Galleon Group founder Raj Rajaratnam and five others have been arrested and charged in an $20 million insider-trading case, prosecutors said.

According to court documents, Rajaratnam, the founder of the $7 billion Galleon Group and portfolio manager for the Galleon Technology Funds, has been charged with four counts of conspiracy and eight counts of securities fraud.

Others charged criminally in the case include Rajiv Goel, director in strategic investments at Intel Corp.'s (INTC) investment arm; Anil Kumar, a director at global management-consulting firm McKinsey & Co.; Danielle Chiesi and Mark Kurland of New Castle Partners LLC, the one-time equity hedge fund group at Bear Stearns Asset Management Inc.; and Robert Moffat, a senior vice president at International Business Machines Corp. (IBM).

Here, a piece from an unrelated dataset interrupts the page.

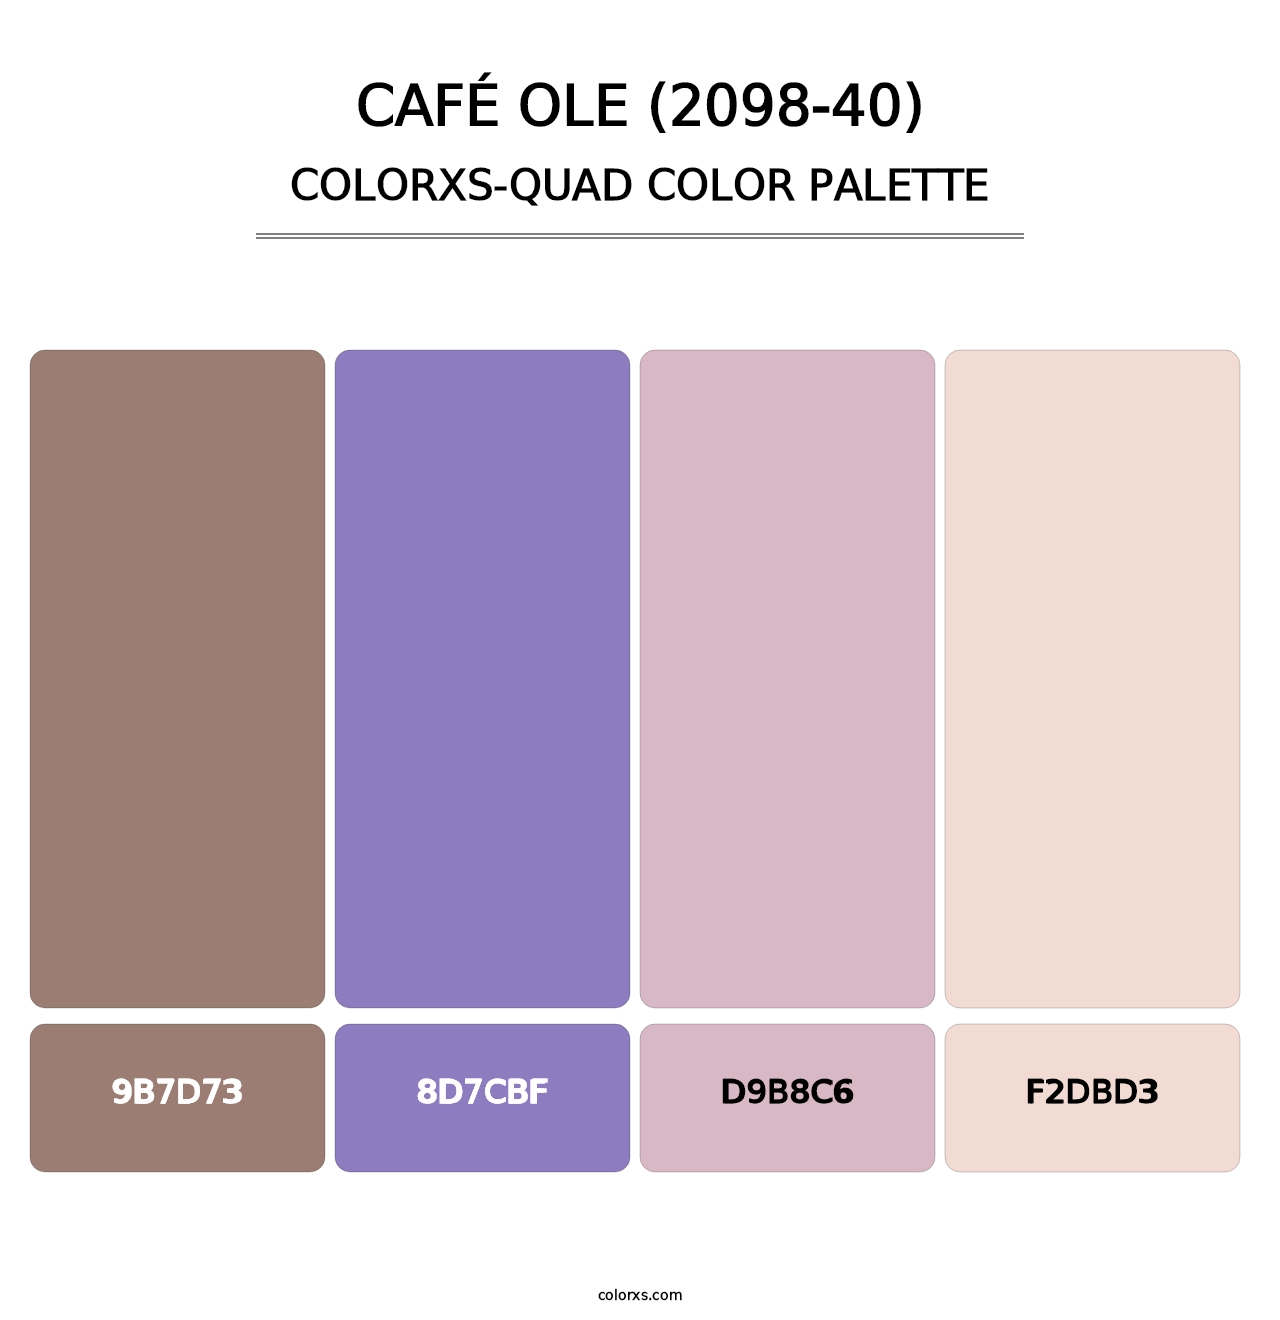 Café Ole (2098-40) - Colorxs Quad Palette

A call to Galleon Group wasn't immediately returned Friday.

Preet Bharara, the U.S. Attorney in Manhattan, is expected to discuss the case in more detail at a press conference at 1 p.m. EDT Friday.

The allegations put Rajaratnam at the center of several insider trades in which he allegedly caused Galleon funds to act on inside information or passed along tips to others.

In one instance, prosecutors allege that Rajaratnam, between January 2006 and July 2007, received nonpublic information about Polycom Inc. (PLCM), Hilton Hotels Corp. and Google Inc. (GOOG) and caused Galleon Technology Funds to make improper trades on that information. As a result, the Galleon fund earned more than $12.7 million, prosecutors said.

In another instance, Chiesi, the New Castle employee, allegedly received inside information regarding Akamai Technologies Inc. (AKAM) and Advanced Micro Devices Inc. (AMD) from an Akamai executive and Moffat, the IBM executive, prosecutors said.

She allegedly passed the information to Rajaratnam, who allegedly provided her with information regarding AMD and other publicly traded companies, the government said.

As a result of information Chiesi received from Rajaratnam, Moffat and others, New Castle earned a profit of more than $2.4 million, prosecutors said.